The symptoms include:
- Bruising or swelling
- Breathing problems, from coughing or wheezing all the way up to severe issues that require a breathing tube
- Broken bones
- A dislocated shoulder or fractured collarbone
- Fractured skull
- Lumps or dents in the child’s head, which can indicate a skull fracture
- Seizures, which can be detected if the child moves his or her eyes erratically
- Vision or hearing loss
- Muscle paralysis, often in the form of asymmetrical facial movements or limp or weak limbs
- Eating problems
- Swallowing issues, which can lead to excessive drooling
- Chronic pain, often detectable if the child cries uncontrollably while arching his or her back
Some of these symptoms are readily apparent, while others could be a symptom of a birth injury or something else, entirely. A pediatrician’s diagnosis is often required to know for sure whether a child has suffered a birth injury.
Neurological Birth Injuries
Neurological birth injuries carry the risks for severe long-term setbacks. Unfortunately, the symptoms of a neurological birth injury are not as apparent as those that come with a physical birth injury.

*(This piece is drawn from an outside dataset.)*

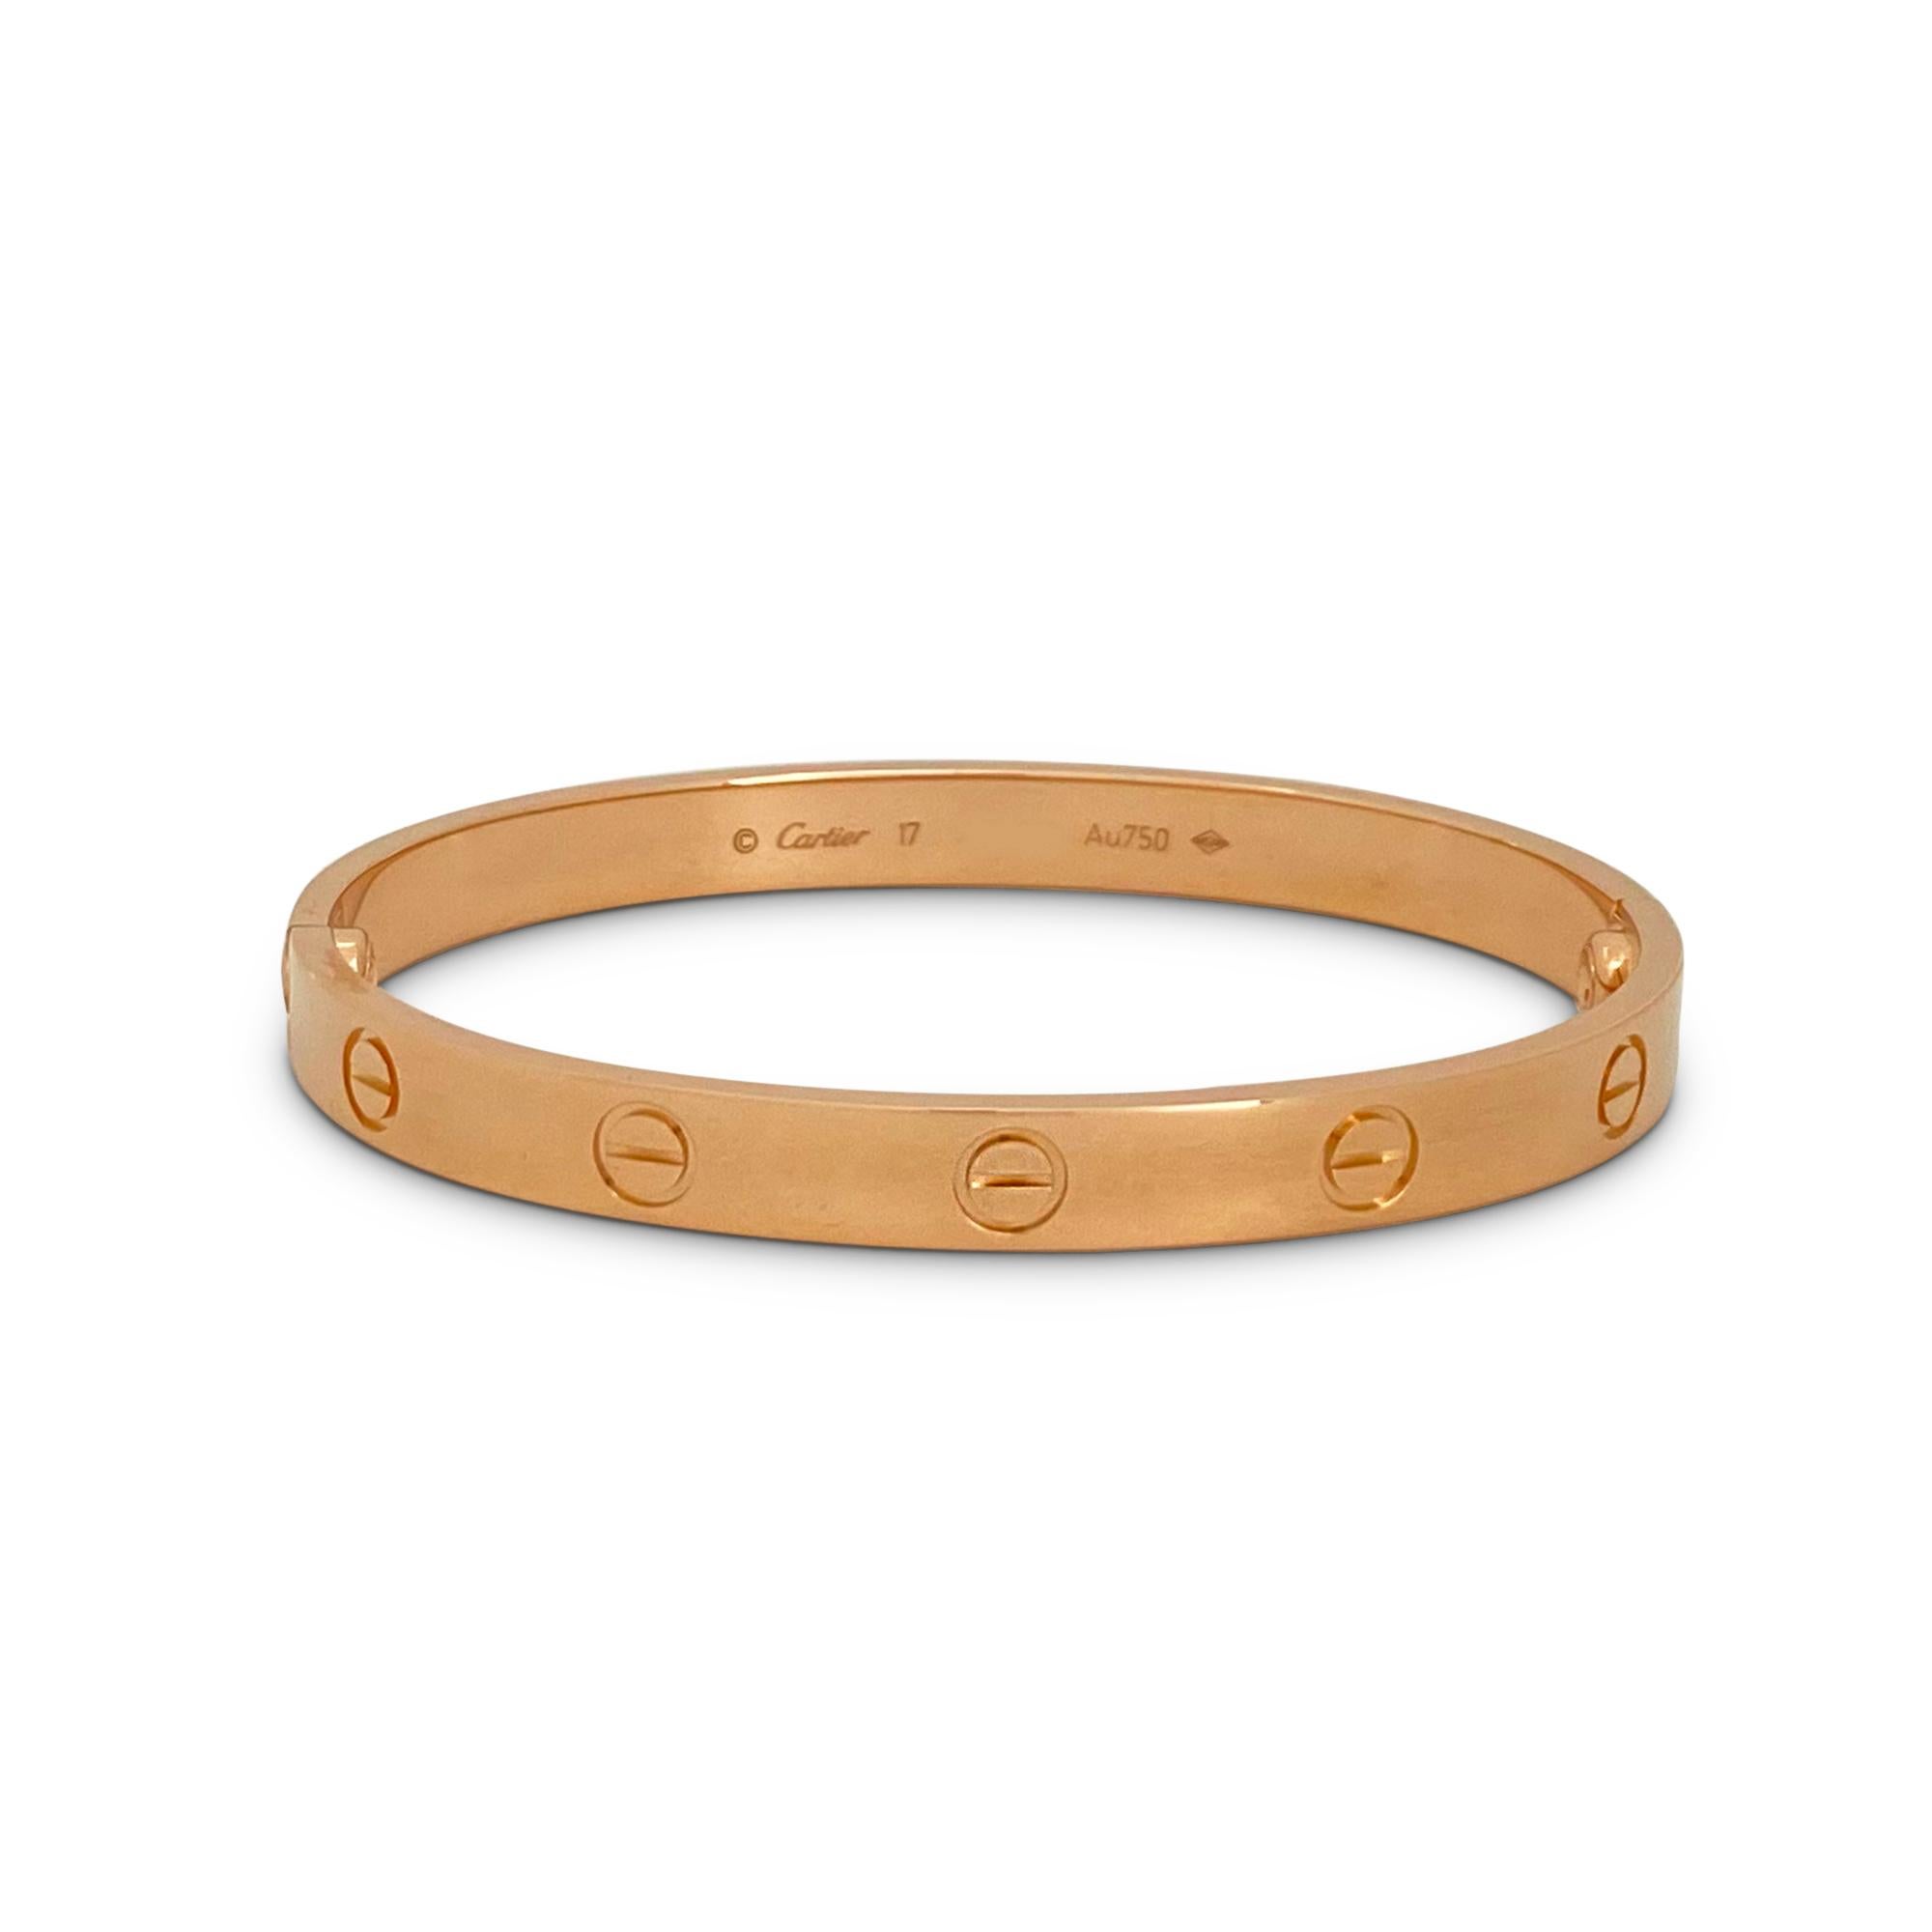 Authentic Cartier 'Love' bracelet crafted in 18 karat rose gold. Size 17. Signed Cartier, 17, Au750, with serial number and hallmarks. New screw system with Cartier enhancement for added security.  The bracelet is presented with a Cartier pouch and

Neurological birth injuries are most reliably detected from developmental delays. These symptoms only begin to appear several months or even a year after the child’s birth, though. When a child is late to perform certain physical, mental, emotional, or social skills, like sitting up, reacting to his or her name, or speaking, it can be symptom that they suffered a birth injury that has caused neurological damage.
Gilman & Bedigian’s $55 Million Verdict as an Example of a Birth Injury
An example of how a birth injury can happen comes from a case that the lawyers at Gilman & Bedigian recently saw through to trial.
In that case, doctors at Johns Hopkins Hospital in Baltimore, Maryland, did not react appropriately to signs of fetal distress and oxygen deprivation. Rather than taking action to correct the situation and deliver the baby boy quickly, they waited for nearly two hours before performing a C-section. By that time, the damage had been done and the child was born with Cerebral Palsy and other mental and physical impairments that would prevent him from living a normal life.
When the doctors and hospital denied negligence or any sort of wrongdoing, the attorneys at Gilman & Bedigian helped the victim and his family sue them. The case went all the way to trial when the hospital refused to settle it. There, the jury awarded the victim a Maryland record for a birth injury claim: A $55 million verdict.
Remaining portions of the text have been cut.